LAS VEGAS -- Students and alumni of the United States Military Academy at West Point are united by the unbreakable bond forged from being members of the Corps of Cadets.

During the 2023 Stanley Cup Final, they are united by hockey.

The Florida Panthers and the Vegas Golden Knights are competing for the Cup, and each franchise is owned by graduates of the prestigious 221-year-old academy in West Point, New York.

Panthers owner Vincent Viola received his bachelor's degree from West Point in 1977 and is a graduate of the U.S. Army Airborne, Air Assault, Infantry and Ranger Schools and a former infantry officer in the 101st Airborne Division.

Golden Knights owner Bill Foley earned his bachelor's degree from the academy in 1967 and served in the U.S. Air Force, where he achieved the rank of captain.

Their teams playing in the Cup Final is a source of pride -- and bragging rights -- at the academy and throughout the West Point community.

Vegas leads the best-of-7 series 2-1 with Game 4 at FLA Live Arena in Sunrise, Florida, on Saturday (8 p.m. ET; TNT, TBS, truTV, CBC, SN, TVAS).

"It's really taken off within the classes," said Jamie Enos, associate director of communications for the West Point Association of Graduates, the alumni association that supports the academy's 55,000 living graduates. "We have a little friendly wager going on between the classes on which team (will win the Stanley Cup), supporting their classes, kind of donating money back and forth based on that."

Army is extra-excited because "We are in it, which is great, and Navy is not, so that's always a little bonus," Enos said. "It's historic having those two owners coming out of the same college setting."

Brian Riley, who has coached Army's NCAA Division I men's hockey team for nearly two decades, said "a lot of people who aren't necessarily hockey fans have become hockey fans at West Point because of the ties obviously with Mr. Foley and Mr. Viola being graduates of the academy."

Foley fist bump with Eichel warmups game 1

Even the owners are caught up in the West Point Stanley Cup Fever. The Golden Knights and Panthers announced this past Saturday that Foley and Viola will jointly donate $100,000 to a veterans service organization of the Cup winner's choice.

Foley selected The Folded Flag Foundation to receive a donation from Viola and the Panthers if Vegas wins. Viola chose Gold Star Teen Adventures to receive a donation from Foley and the Golden Knights if Florida wins.

Each nonprofit organization helps children and families of military and law enforcement personal who have died.

"That just shows you what kind of men they are," said retired Army Lt. Gen. Robert L. Caslen, who got to know both owners when he served as the 59th superintendent of West Point from 2013-18. "They're both leaders, officers, incredible entrepreneurs, they're both incredibly generous, loyal, they love their alma mater."

Each has given back to West Point, an institution that they've credited with helping shape them into the people they are today. Foley and his wife pledged $15 million for an athletic center on campus.

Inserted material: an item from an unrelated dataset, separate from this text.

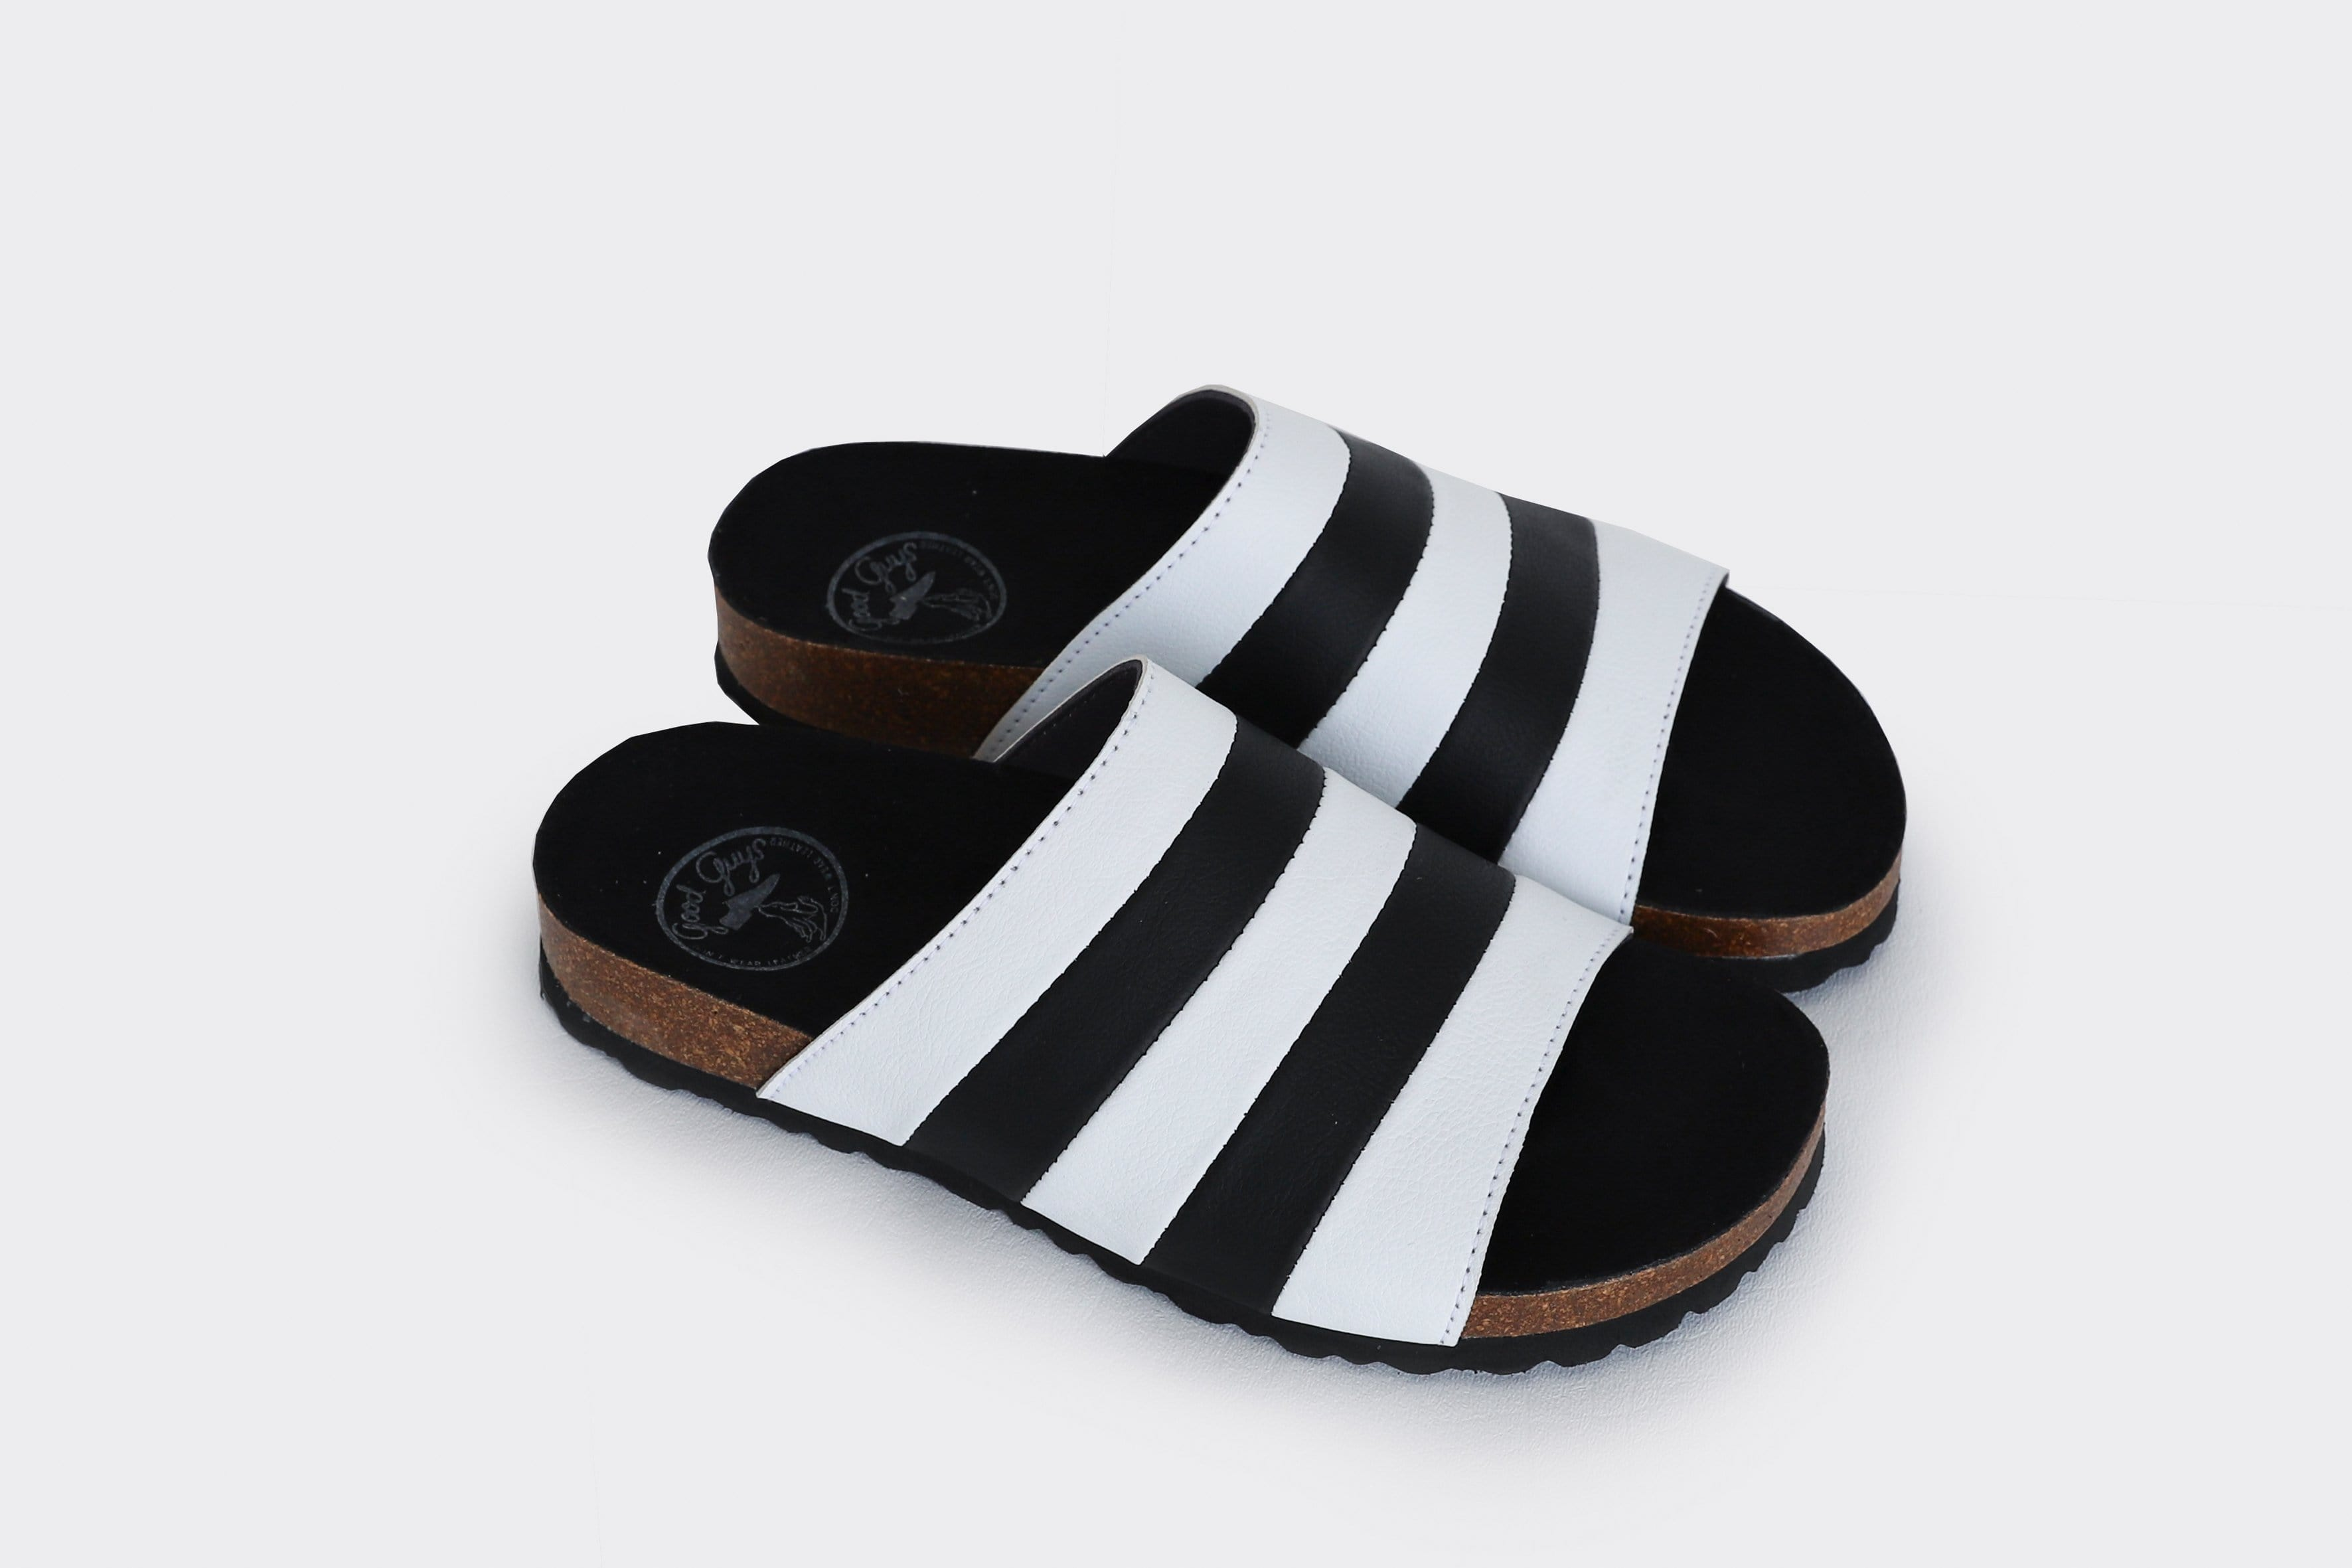 Good Guys Don't Wear Leather Jerry Apple Leather Vegan Slide-On Sandal | Black & White
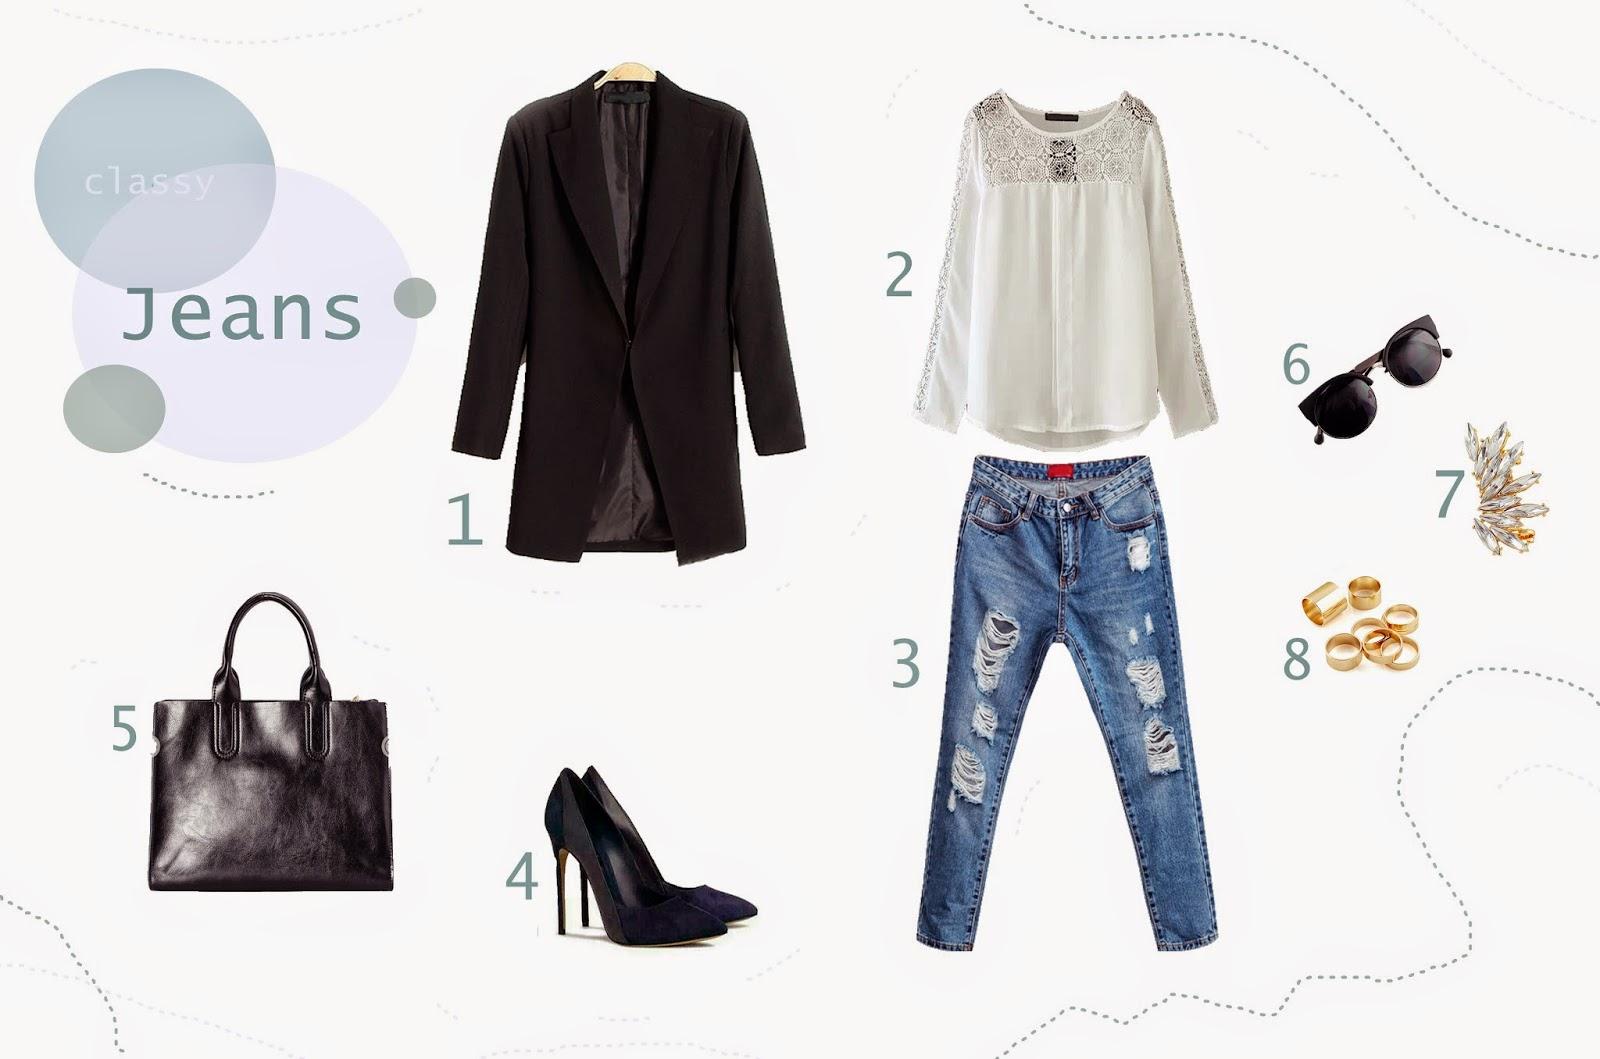 Jeans for spring - Sheinside wishlist

He was also a lead donor in the Foley, Enners, Nathe Lacrosse Center that opened in 2016. He shares the center's name with 1st Lt. Ray Enners and 1st Lt. Michael Nathe, both members of West Point's Class of '67 who were killed in action in the Vietnam War in 1968.

Viola was the lead founding donor of the West Point Combating Terrorism Center, which recently celebrated its 20th anniversary, and is a leading donor for the academy's Michie Stadium Preservation Project.

Viola behind Mic at Luongo numnber retirement

The Panthers and the Golden Knights reflect Viola's and Foley's West Point roots. Shortly after Viola purchased the Panthers in 2013 as chairman and CEO of Virtu Financial, he took the organization's players and staff to the academy.

The Panthers returned for team-building activities and a preseason game against the New Jersey Devils on Oct. 8, 2016, at West Point's Tate Rink. The Panthers defeated the Devils 4-2.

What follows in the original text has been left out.